Somente os olhos de Harry se encaixavam entre as grades da porta.. E esta se encaixou na lista de cenas mais cortantes que Louis teve em seu plano existencial. E ele estava assustado.. Talvez não tanto quanto Harry deveria estar, mas ainda sim assustado o suficiente para querer correr.
Por isso, para cortar a prisão mental que os olhinhos arregalados de Styles faziam em seu subconsciente, Louis engoliu seco, respirou fundo e desviou a atenção para qualquer ponto do corredor, enquanto andava apressado pelo mesmo em direção às escadas.
...
15:34.
Esta era a hora marcada no relógio de parede do escritório imenso ( aka diretoria) do prédio principal da faculdade.
Louis sentia o sabor de sangue em sua boca com o tanto que mordia sua bochecha por dentro.
- Senhor Tomlinson? - a voz da secretária resoou na sala silenciosa.
- Sim?- respondeu trêmulo.
- O diretor, seu tio, avisou que podes entrar na sala.
- Okay, obrigado.
Contou de um a dez e entrelaçou suas mãos, adentrando no ambiente que já lhe era familiar.
- Lou? - o homem de quase meia-idade e cabelos platinados sorriu ao avistar o sobrinho através de seus óculos da Armani.
Porra.
- Hey, tio.
- Como está, meu caro? Sente-se aqui na minha frente.- falou amigável.
Tommo gostava tanto de seu tio. Ele lembrava muito de seu pai e também o tratava como filho. Henry Tomlinson foi aquele que mais apoiou Louis após o acidente que tirou a vida de quem o menor mais gostava.
E ele estava prestes a decepciona-lo. Droga.
- Bom, como está Johanna? Faz tempo que não tenho notícias de minha cunhada!

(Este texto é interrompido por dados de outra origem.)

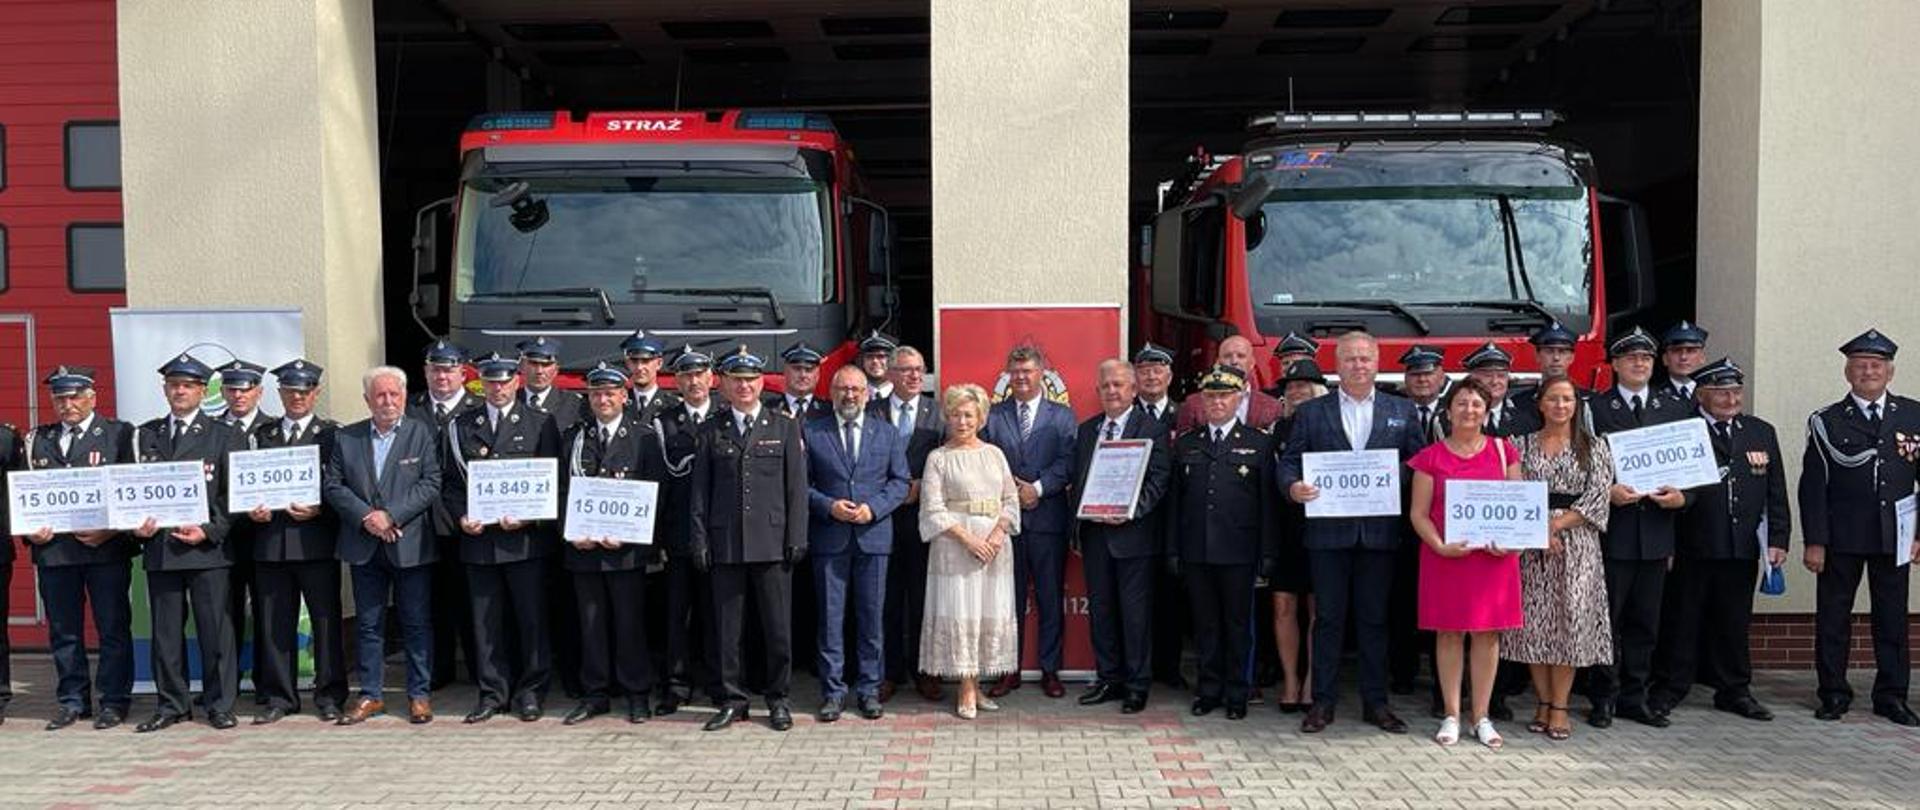 Ponad 1 655 706 zł wsparcia finansowego dla Jednostek Ochotniczych Straży Pożarnych z powiatu mławskiego

- Bem. - Louis disse sem graça.
- É? Nossa eu lembro de quando ela cozinhava aquele ensopado de carne que...
Henry sendo a alma hiperativa que era começou a divagar alguma história aleatória sobre Johanna enquanto Louis tentava se concentrar no que precisava ser feito.
Olhava para todos os cantos da sala a fim de evitar manter contato visual com o tio.

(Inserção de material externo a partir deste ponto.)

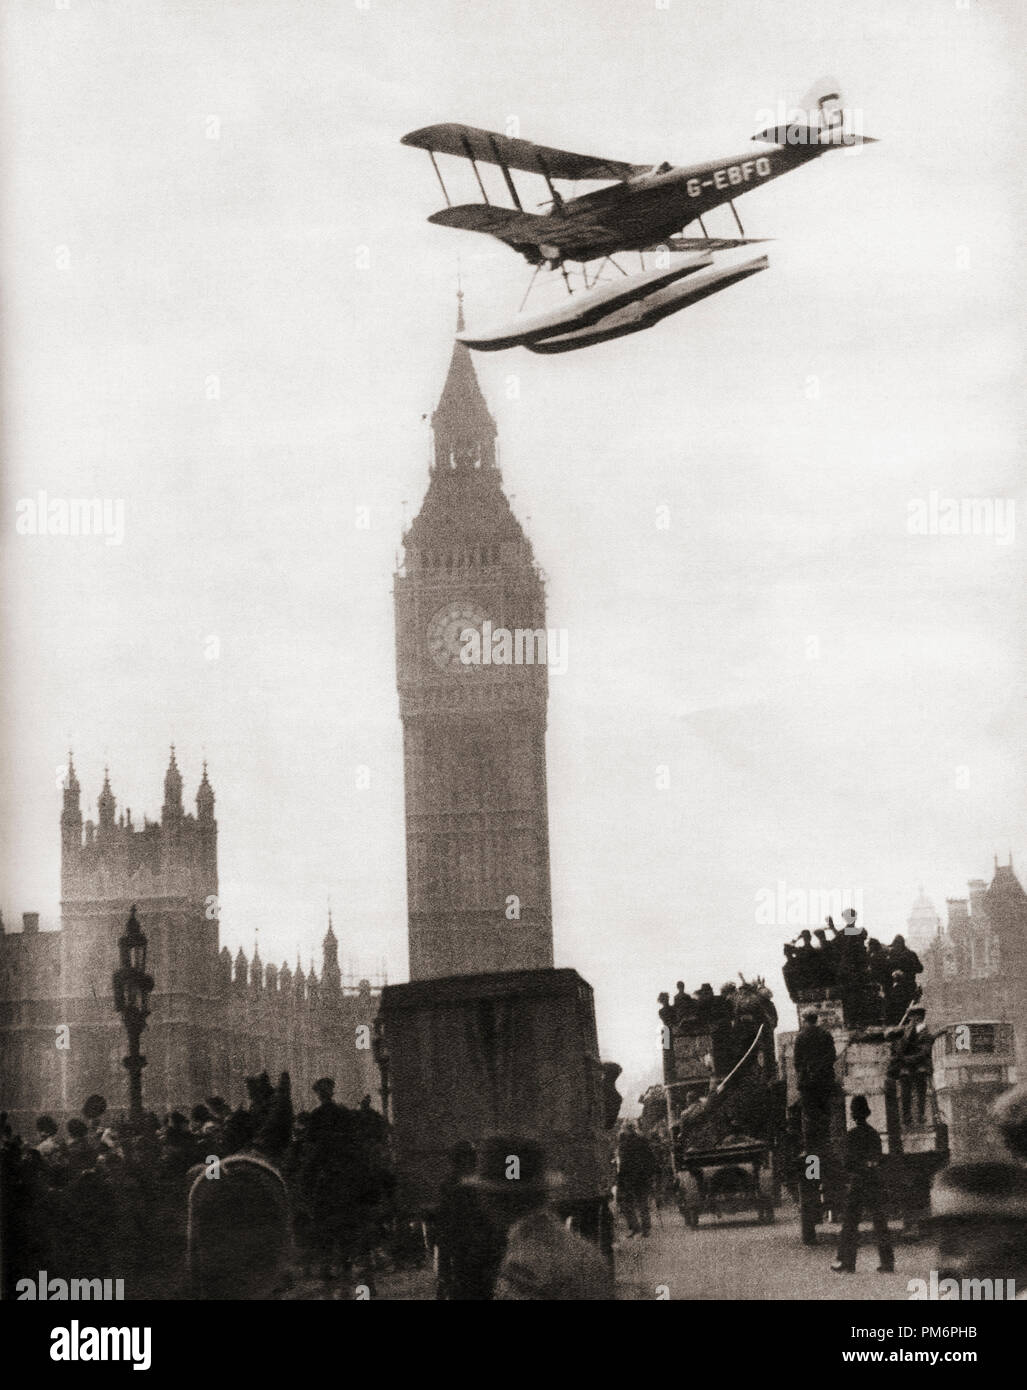 Alan Cobham en venant à la terre sur la Tamise à Londres dans son de Havilland DH.50J d'un hydravion après un vol vers l'Australie et à l'arrière en 1926. À partir de ces années, publié en 1938. Banque D'Images

Seus olhos se mantiveram fixos nas prateleiras cheias de livros daquela sala por algum instante.
Fixaram-se especificamente em um livro de capa vermelha com um conjunto de letras brancas em caps lock designando "O Médico e o Monstro".
Louis imediatamente se recordou das palavras de Harry durante seu surto.

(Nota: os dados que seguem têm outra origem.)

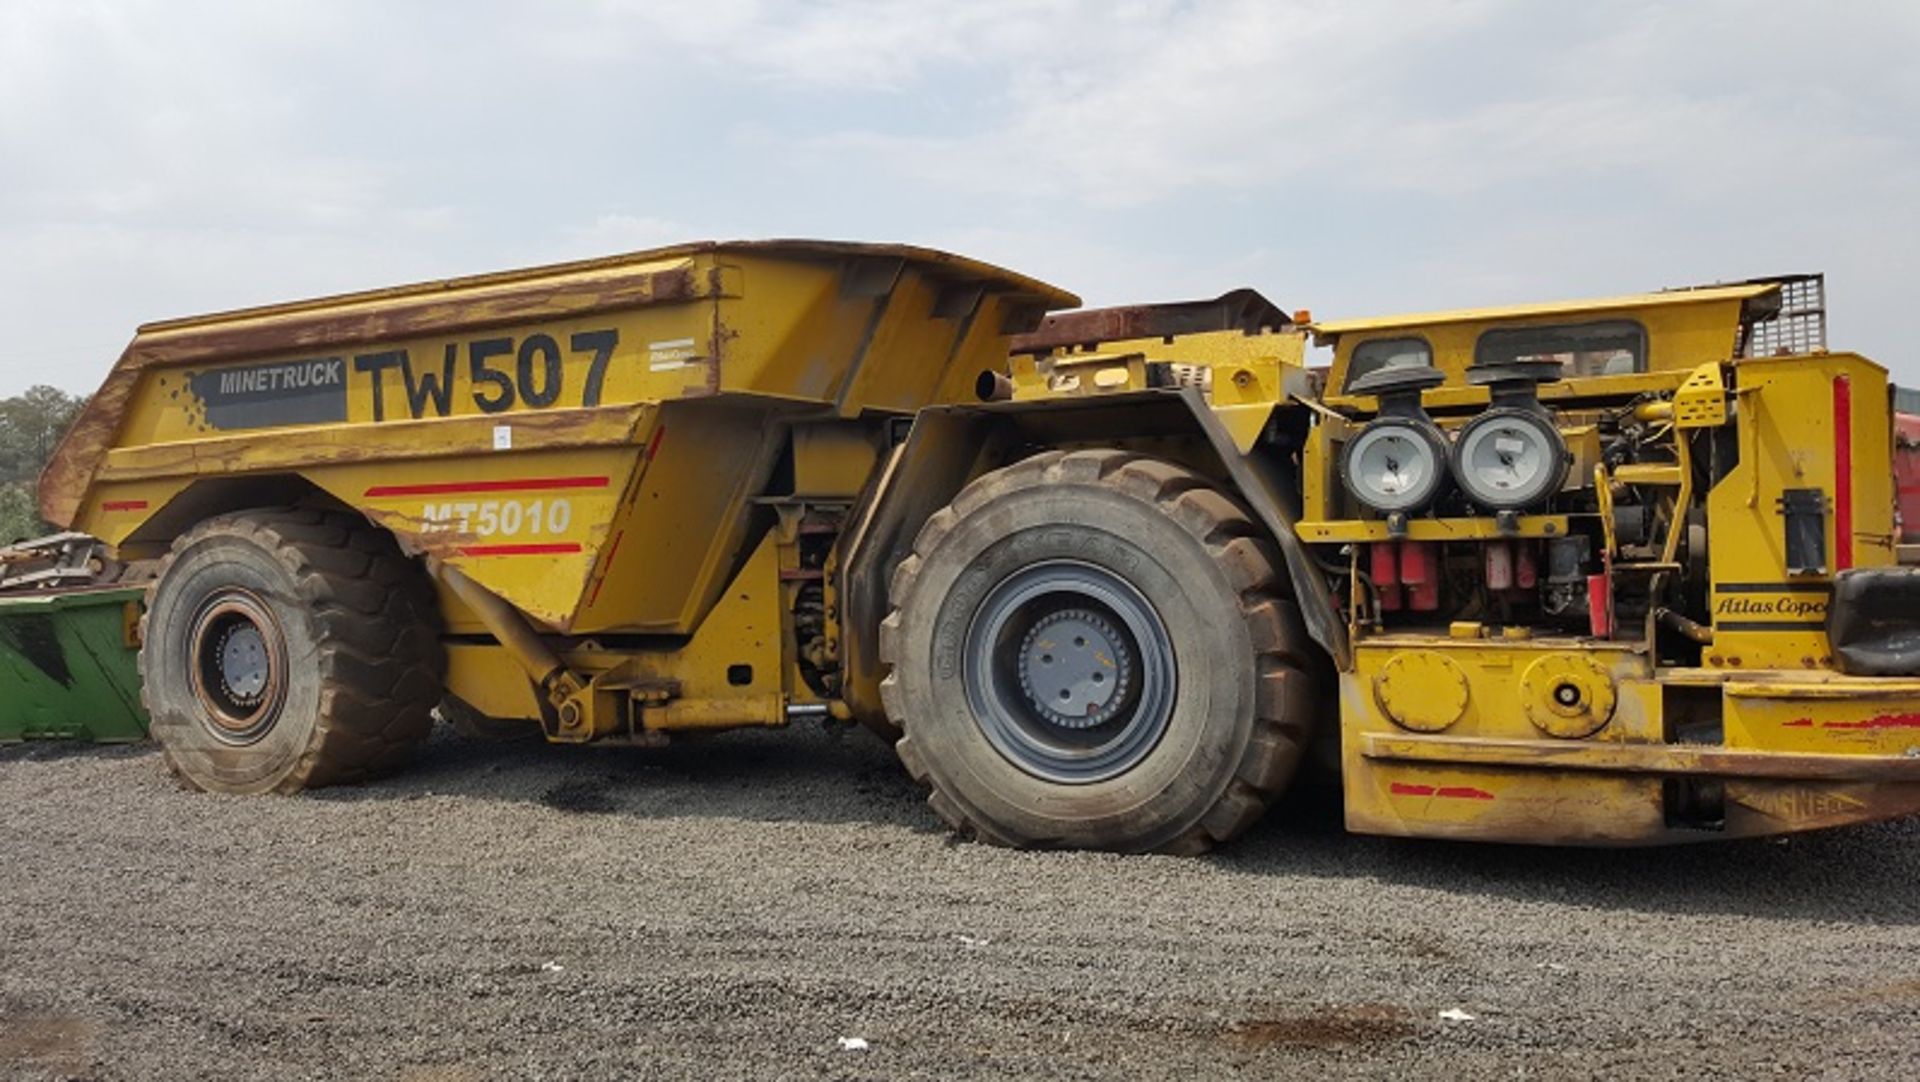 Atlas Copco Wagner MT5010 Underground Dump Truck (TW507) - Image 2 of 4

- Louis, você está bem? Parece meio pálido. - Tommo escutou a voz de seu tio ressoando de longe, como se ele estivesse em um poço cheio de ecos.
- Yeah. Sim. O que é aquilo?- apontou para a prateleira cheia de livros. Obviamente eram livros... Mas Louis procurava algum sentido mesmo onde não existia.
- Oh, são as cópias que recebi do Hospital Psiquiátrico vinculado na uni. Eventualmente eu iria te mostrar porque deve ser do seu interesse.
- Por que receberam esse livros? Ahm?
- Ah, foi atividade passada aos pacientes há alguns anos atrás. Nós costumávamos comprar algumas caixas de livros e deixá-las disponíveis para apreciação dos pacientes. E então pedíamos que eles fizessem uma resenha sobre os livros que liam. Mas, por conta da pouca participação por parte deles, paramos com essa atividade.
Oh.
Oh.
Será?
Louis cogitou a possibilidade daquilo pertencer a Styles. Remota possibilidade.
- Por que? Quer ler algum? Pode pegar, se desejar.
Henry provavelmente estava estranhando o comportamento acuado do menino, que sempre fora cheio de energia e palavras.
Observou Louis se levantar ainda distraído e caminhar aos tropeços para perto das estantes, esticando o trêmulo braço e apanhando algum livro.
A interface do exemplar que Louis colocou entre as mãos era de "O Médico e o Monstro: Dr. Jekyll & Mr. Hyde".
Os olhinhos azuis de Louis se iluminaram. Ele gostava de ler. E aquilo estava familiar.
Era uma obra de Robert Louis Stevenson, datada de 1886, embora conservada em ótimo estado.
No rodapé havia um post it amarelo com escrita em preto "paciente 302".